Fritsch: Typically we deliver this as a Software as a Service offering, a cloud based computing offering. We’re not typically selling to the end user market; we work with partners in various health care verticals who eventually take our services as web services as cloud computing services and embed them in their offering. So you might see an EMR company embedding our services behind the scenes and using us to give the users a more user-friendly experience in the documentation.
You might see us with radiology vendors and their systems. However you will see not necessarily a local deployment and installation of software, but really a kind of ubiquitous software service model where it doesn’t matter whether you’re on your pc or away with your iPhone, calling in from your car. You will be able to use the same technology with the same user profiles and the same quality of recognition.
Williams: You mentioned working through partners. Do you have specific partners that are public?
Fritsch: Absolutely. In the radiology space we partner with radiology information systems and PACS systems. We’re partnering with many of the big players including GE Health Care, who has embedded our services in their physician-reporting product. There is an EMR space we’re partnering with a variety of big players in the EMR space, including Allscripts.
We are also traditionally in a lot of the transcription service providers, all the companies that provide transcription services to hospitals. Actually eight out of ten such companies are using our services to improve their productivity in creating these documents from speech. You won’t see it directly there but you’ll be able to see the end result, which is a structured document.
Williams: Earlier in the conversation you used the term “meaningful” and so I have to ask you about whether there is a direct fit with Meaningful Use under the HITECH Act.
Fritsch: That’s a loaded question. The term “meaningful use” is over used and misinterpreted in many ways. There is not a single vendor who won’t use the term these days. We have actually been using that term for a long, long time — way before the government started using it.
We use the term “meaningful documents.” These structured and encoded documents fuse narrative with clinical fact, so in that respect they are a conduit to what the government means by meaningful use. We enable compliance with meaningful use rules and follow the government’s outlines of what a physician should document. Once you have structured and encoded information you can set rules on top of that to verify whether it’s complete and accurate and compliant with all these rules.
So we do provide the infrastructure and the technology to drive compliance with meaningful use as the government defines it, but it also goes beyond that. We can access the content of the narrative to drill down in a computable way into the contents of a narrative dictation.
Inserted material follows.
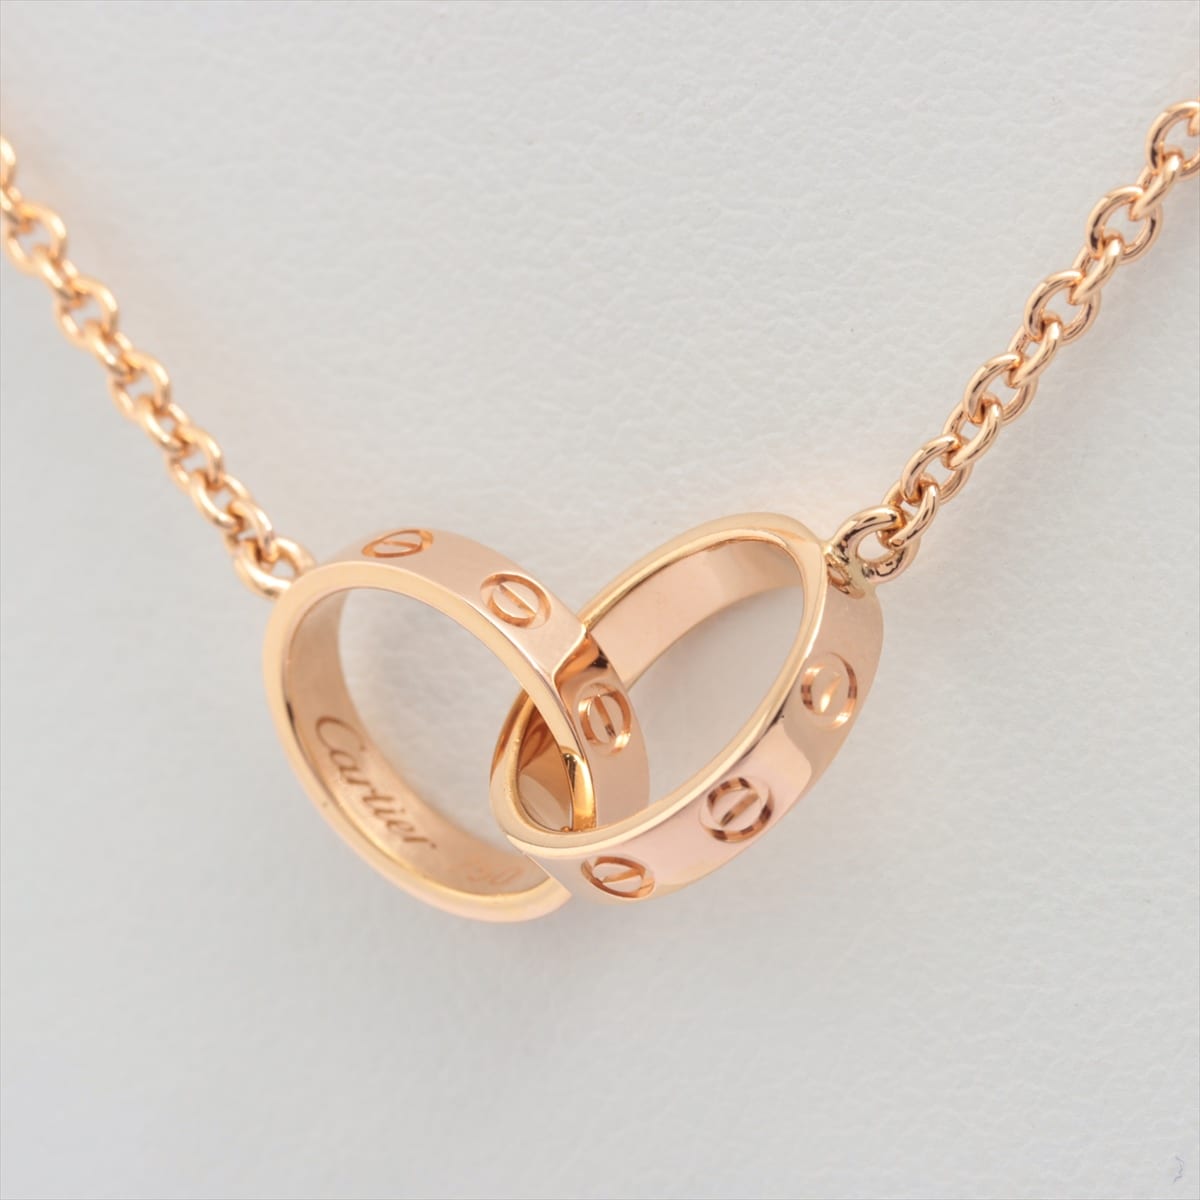 Cartier Baby Love Necklace 750(PG) 6.5g

That’s really unlocking content that has not been available in the past. In the past, in order to get to any kind of physician support or compliance analysis for different rules, you had to create structured information. You had to go into the EMR style systems to enter information into database tables.
Now with speech understanding and the technology that comes with it, it’s actually possible to unlock the narrative and drill down to the spoken word and find evidence of clinical encounters in clinical conditions that you would not otherwise find.
Williams: What kind of training is required for an end user to be able to use your technology?
Fritsch: Very little. Our focus is on not changing the physician’s behavior. Out of the box, most of the physicians that use our technology find it very useful in the sense that they don’t have to adjust their style. They don’t have to learn how to dictate.
There is a little bit of training to learn the interface. But they don’t have to go through the training and dictation enrollment period as you have to go through with many speech recognition systems. You start using it out of the box and it gets better as you use it.
Williams: I’ve been speaking today with Juergen Fritsch. He is Chief Scientist at M*Modal. Juergen, thank you so much for your time.